0
Je fais une UNION de deux tables temporaires et j'essaie de les trier par colonne mais l'étincelle se plaint que la colonne que je commande ne peut pas être résolue. Est-ce un bug ou il me manque quelque chose?Spark SQL UNION - colonne ORDER BY pas SELECT
lazy val spark: SparkSession = SparkSession.builder.master("local[*]").getOrCreate()

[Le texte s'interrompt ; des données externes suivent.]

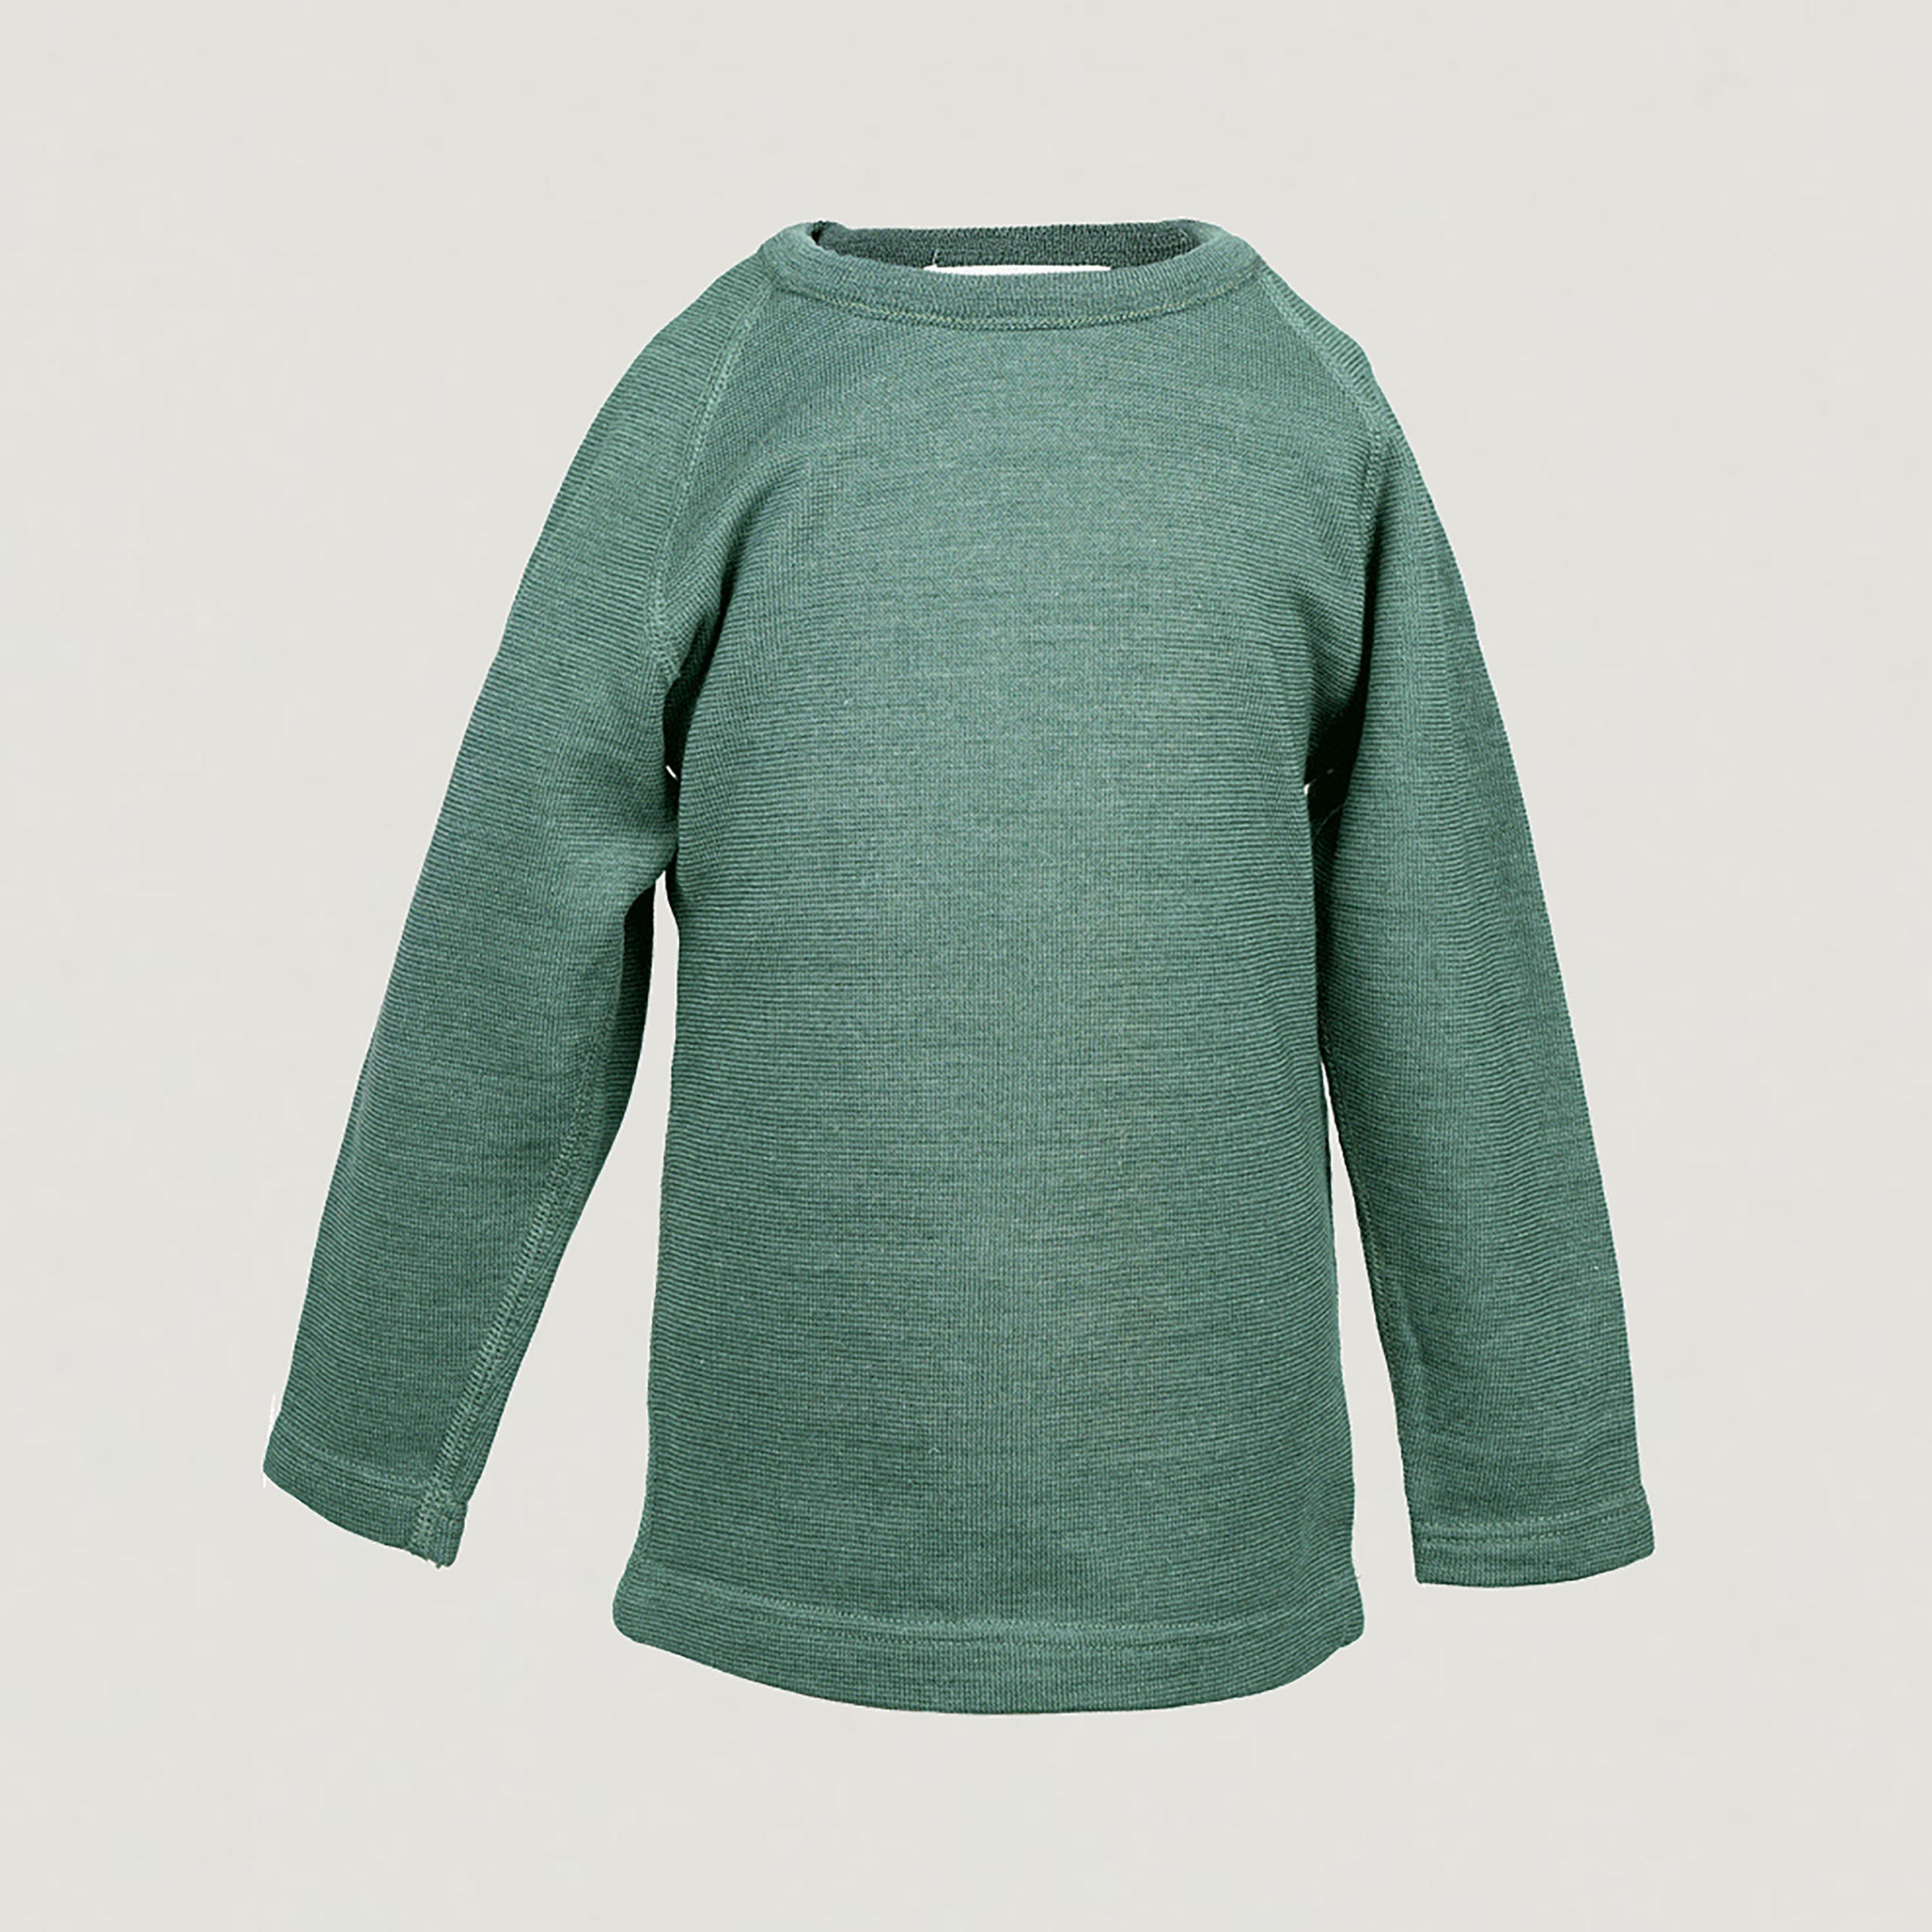 Produktfoto vom langarm Shirt aus Wolle & Seide von Reiff in der Farbe Salbei.
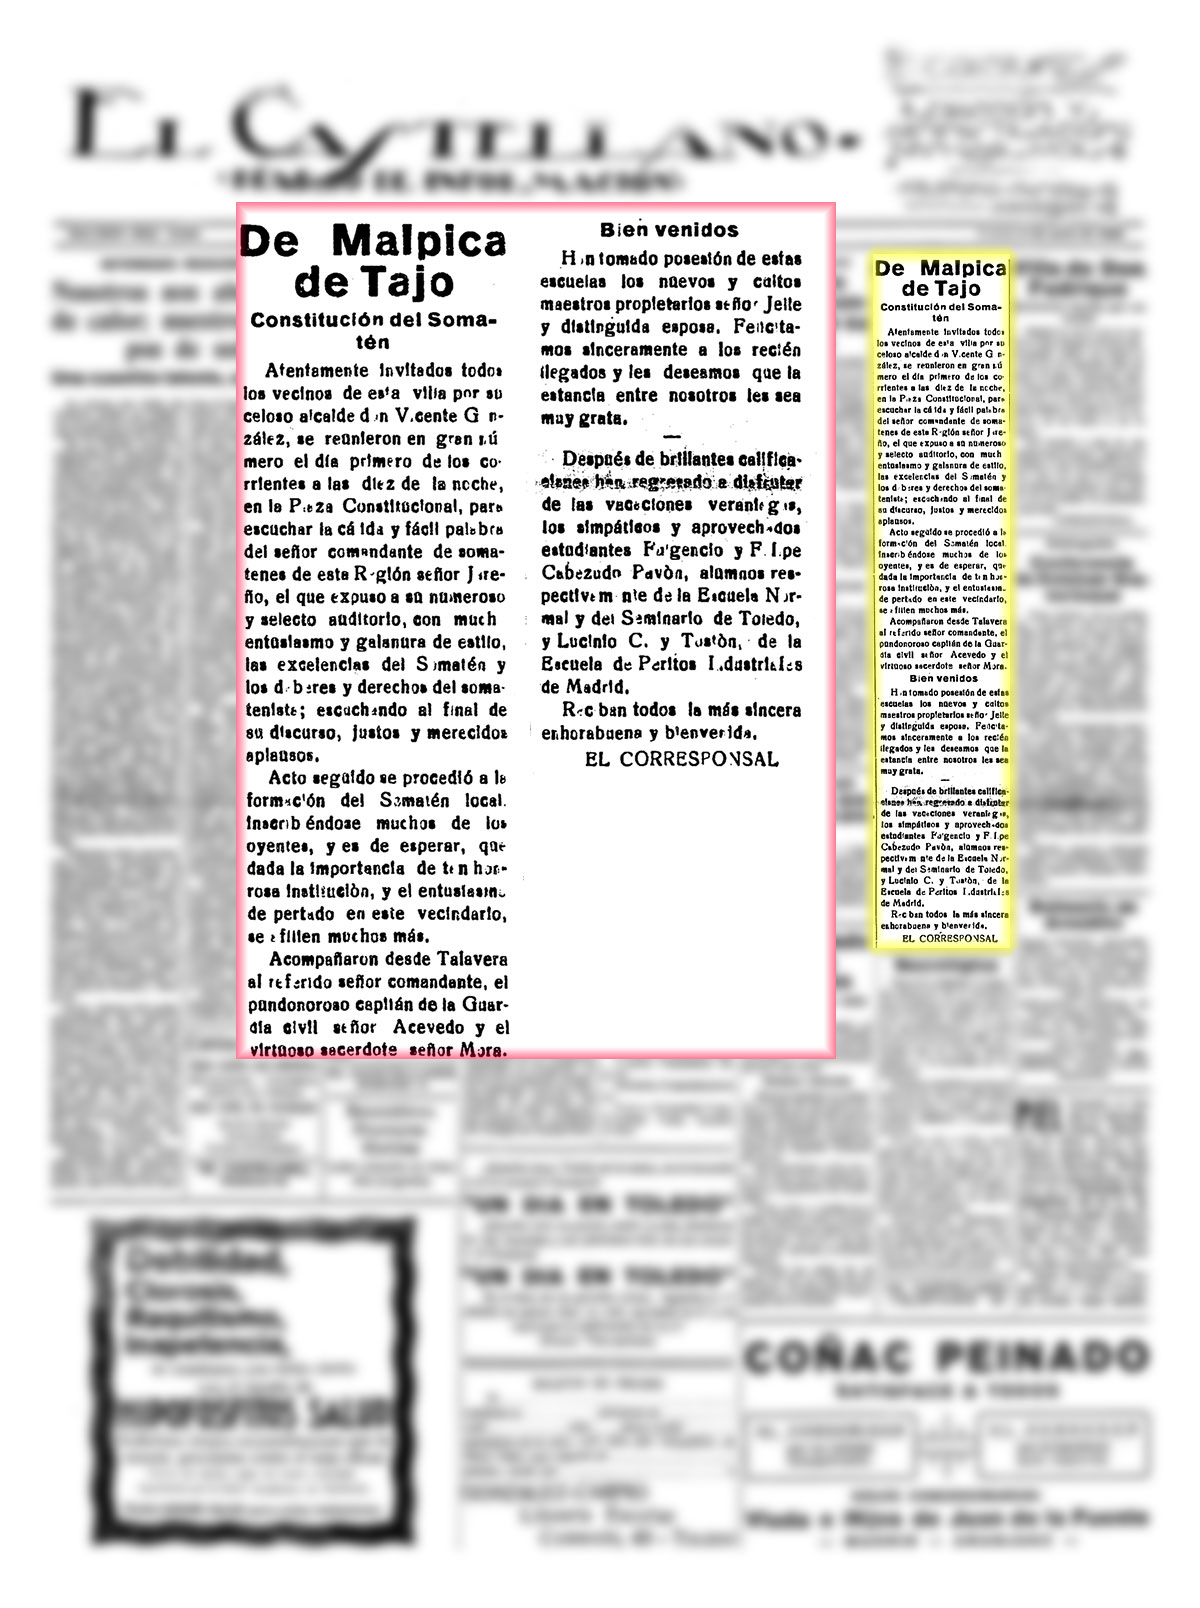 Constitución del somatén en Malpica de Tajo. El Castellano. 5/7/1928, n.º 6.045

import org.apache.spark.sql.types.StringType
val oldOrders = Seq(
Seq("old_order_id1", "old_order_name1", "true"),
Seq("old_order_id2", "old_order_name2", "true")
)
val newOrders = Seq(
Seq("new_order_id1", "new_order_name1", "false"),
Seq("new_order_id2", "new_order_name2", "false")
)
val schema = new StructType()
.add("id", StringType)
.add("name", StringType)
.add("is_old", StringType)
val oldOrdersDF = spark.createDataFrame(spark.sparkContext.makeRDD(oldOrders.map(x => Row(x:_*))), schema)
val newOrdersDF = spark.createDataFrame(spark.sparkContext.makeRDD(newOrders.map(x => Row(x:_*))), schema)
oldOrdersDF.createOrReplaceTempView("old_orders")
newOrdersDF.createOrReplaceTempView("new_orders")
//ordering by column not in select works if I'm not doing UNION
spark.sql(
"""
|SELECT oo.id, oo.name FROM old_orders oo
|ORDER BY oo.is_old
""".stripMargin).show()
//ordering by column not in select doesn't work as I'm doing a UNION
spark.sql(
"""
|SELECT oo.id, oo.name FROM old_orders oo
|UNION
|SELECT no.id, no.name FROM new_orders no
|ORDER BY oo.is_old
""".stripMargin).show()
La sortie du code ci-dessus est:
+-------------+---------------+
| id| name|
+-------------+---------------+
|old_order_id1|old_order_name1|
|old_order_id2|old_order_name2|
+-------------+---------------+
cannot resolve '`oo.is_old`' given input columns: [id, name]; line 5 pos 9;
'Sort ['oo.is_old ASC NULLS FIRST], true
+- Distinct
+- Union
:- Project [id#121, name#122]
: +- SubqueryAlias oo
: +- SubqueryAlias old_orders
: +- LogicalRDD [id#121, name#122, is_old#123]
+- Project [id#131, name#132]
+- SubqueryAlias no
+- SubqueryAlias new_orders
+- LogicalRDD [id#131, name#132, is_old#133]
org.apache.spark.sql.AnalysisException: cannot resolve '`oo.is_old`' given input columns: [id, name]; line 5 pos 9;
'Sort ['oo.is_old ASC NULLS FIRST], true
+- Distinct
+- Union
:- Project [id#121, name#122]
: +- SubqueryAlias oo
: +- SubqueryAlias old_orders
: +- LogicalRDD [id#121, name#122, is_old#123]
+- Project [id#131, name#132]
+- SubqueryAlias no
+- SubqueryAlias new_orders
+- LogicalRDD [id#131, name#132, is_old#133]
commande donc par une colonne qui est pas dans la clause SELECT fonctionne si je ne fais pas un syndicat et il échoue si je fais une union de deux tables.